Carcinogenicity studies were not provided, however, reference to carcinogenicity studies conducted for other iron-containing products demonstrated no evidence that these products pose a carcinogenic risk.
The potential effects of FPC on reproduction and development were evaluated in rats and rabbits. In rats, the NOAEL for male reproductive performance and fertility was 10 mg/kg/day. In female rats, an NOAEL of 30 mg/kg/day (3.5 mg Fe/kg/day) for both maternal and developmental toxicity was established. Additionally, at 30 mg/kg/day, FPC had no effects on the F1 generation in terms of sexual maturation, learning and memory or fertility and reproductive capacity, and did not result in any FPC-related abnormalities in the F2 generation. In rabbits, an NOAEL for maternal toxicity of 20 mg/kg/day (2.3 mg Fe/kg/day) was established with higher doses (40 mg/kg/day) resulting in maternal toxicity. At doses up to 40 mg/kg/day, FPC did not cause developmental toxicity. The NOAEL for fetal toxicity can therefore be considered 40 mg/kg/day. Together these data indicate that it is unlikely that FPC will have effects on male and female reproduction or cause embryo-fetal toxicity at clinical plasma levels in humans.
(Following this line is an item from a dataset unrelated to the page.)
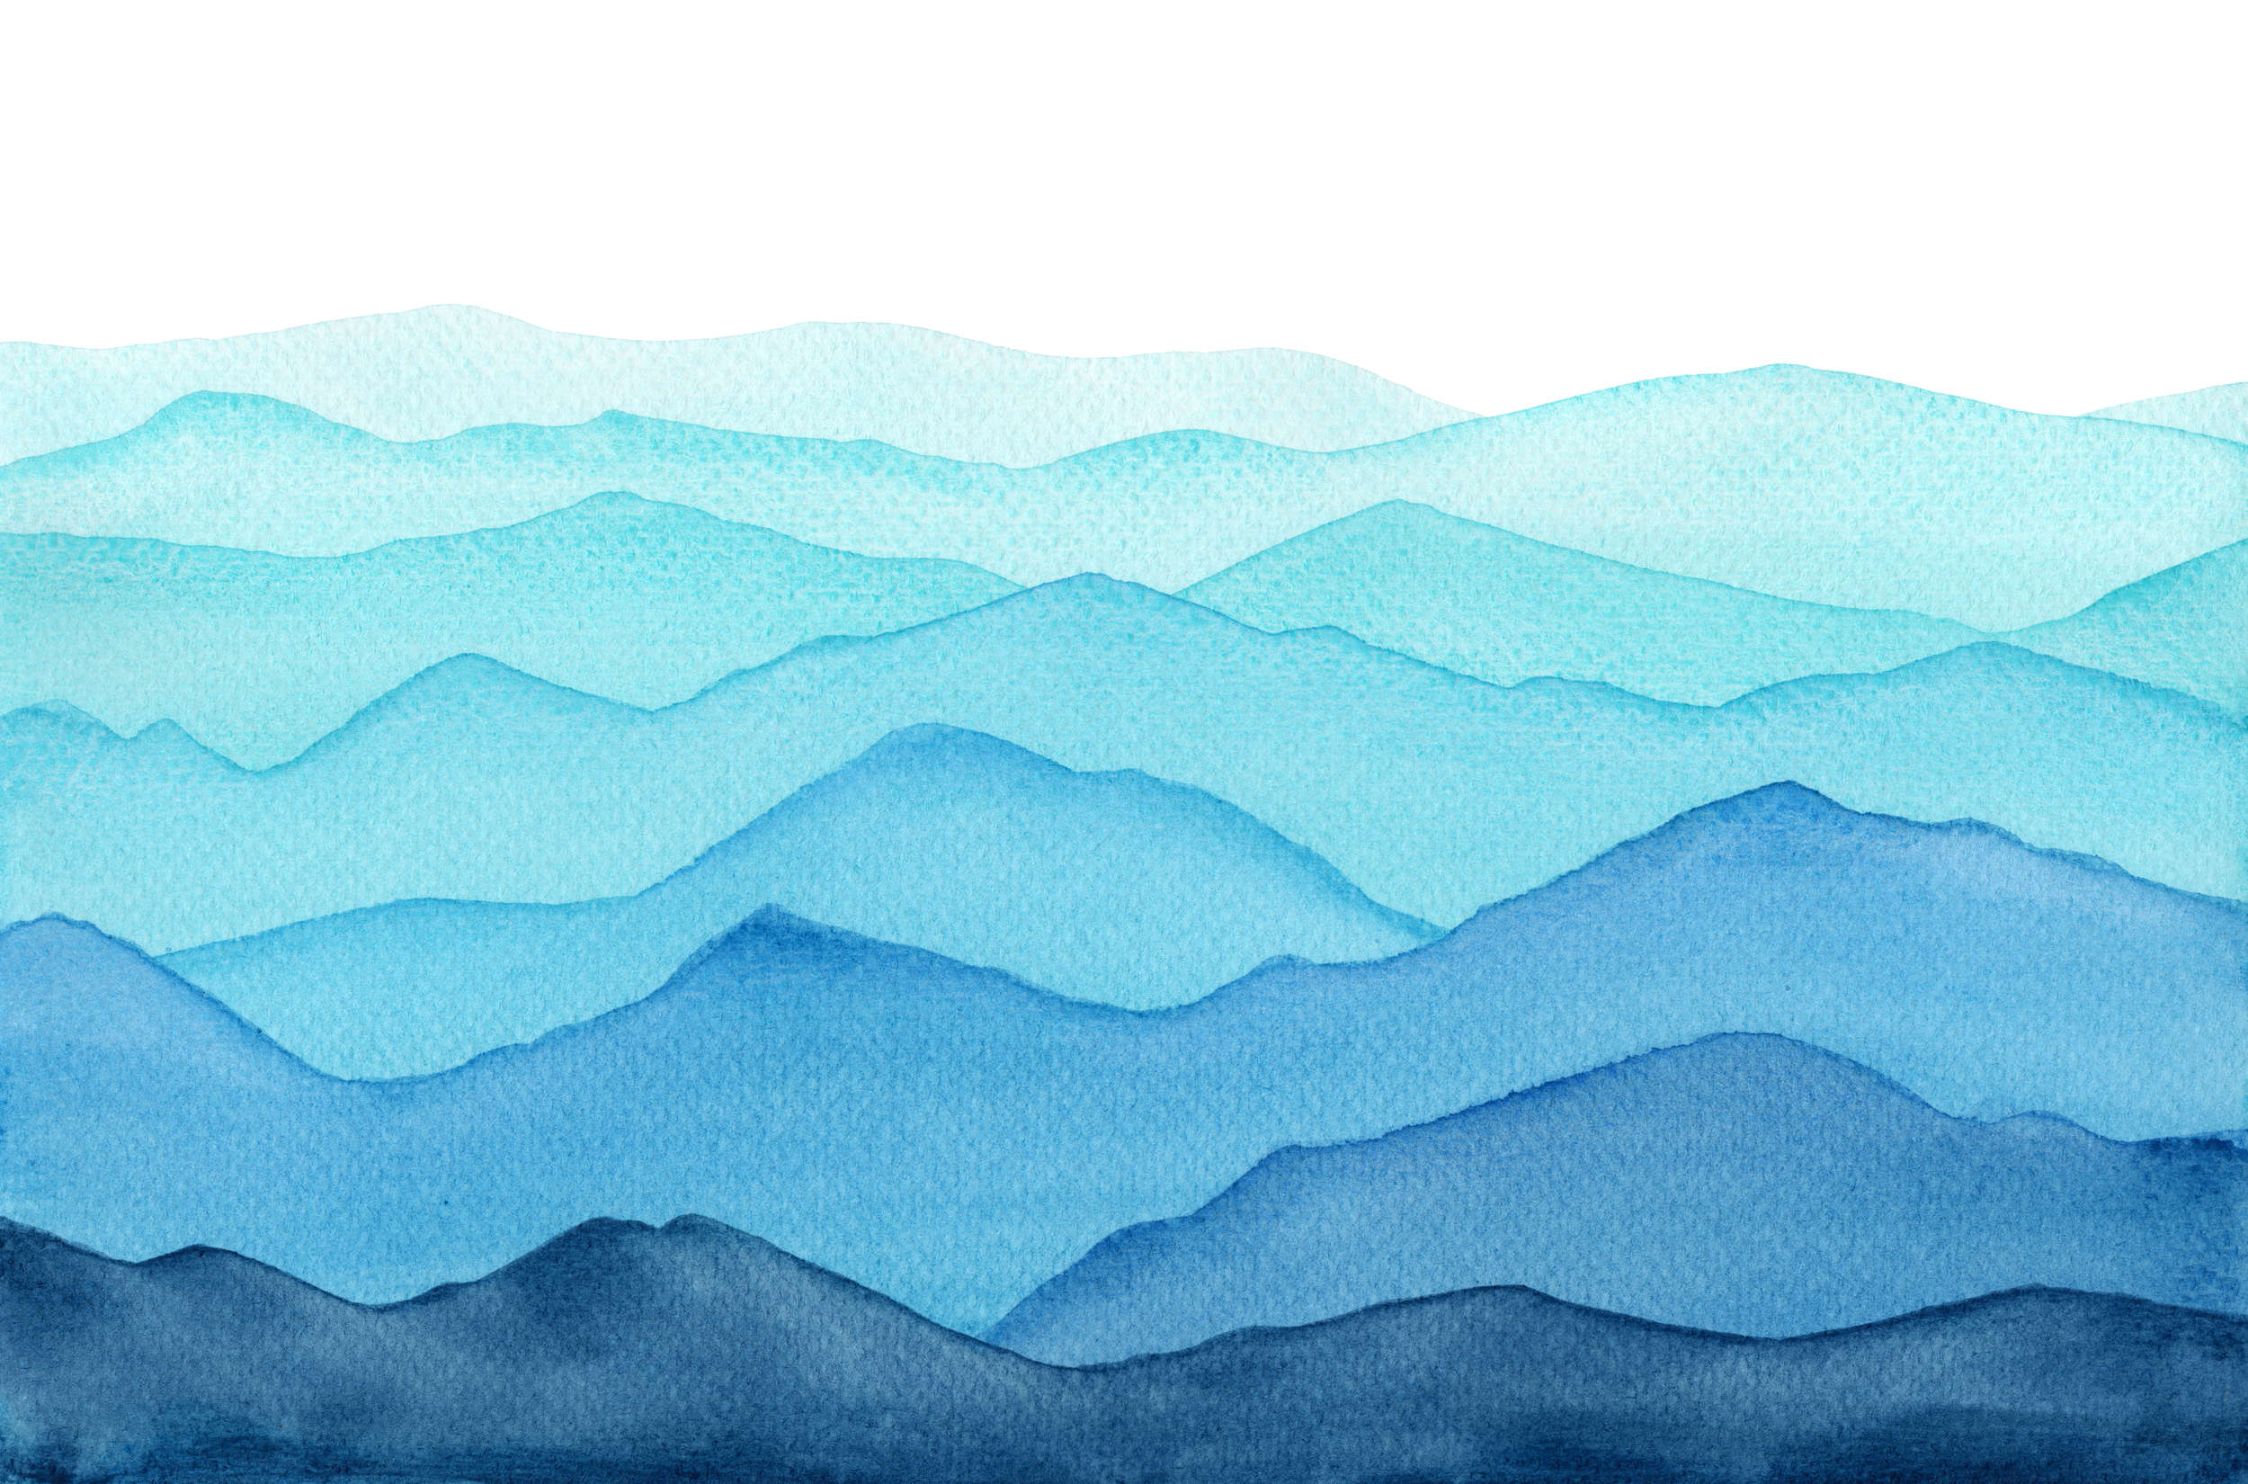             Fototapete Meer mit Wellen in aquarell – Glattes & leicht glänzendes Vlies

The results of the non-clinical studies as well as the potential risks to humans have been included in the Triferic AVNU Product Monograph. In view of the intended use of Triferic AVNU, there are no pharmacological/toxicological issues within this submission which preclude authorization of the product.
For more information, refer to the Triferic AVNU Product Monograph, approved by Health Canada and available through the Drug Product Database.
7.3 Quality Basis for Decision
The Chemistry and Manufacturing information submitted for Triferic AVNU has demonstrated that the drug substance and drug product can be consistently manufactured to meet the approved specifications. Proper development and validation studies were conducted, and adequate controls are in place for the commercial processes. Changes to the manufacturing process and formulation made throughout the pharmaceutical development are considered acceptable upon review. Based on the stability data submitted, the proposed shelf life of 36 months is acceptable when the drug product is stored protected from light in the aluminum pouch at room temperature (15 ºC to 30 ºC).
Proposed limits of drug-related impurities are considered adequately qualified (i.e. within International Council for Harmonisation [ICH] limits and/or qualified from toxicological studies).
All sites involved in production are compliant with Good Manufacturing Practices.
None of the excipients used in the formulation of Triferic AVNU are of human or animal origin. All non-medicinal ingredients (described earlier) found in the drug product are acceptable for use in drugs according to the Food and Drug Regulations.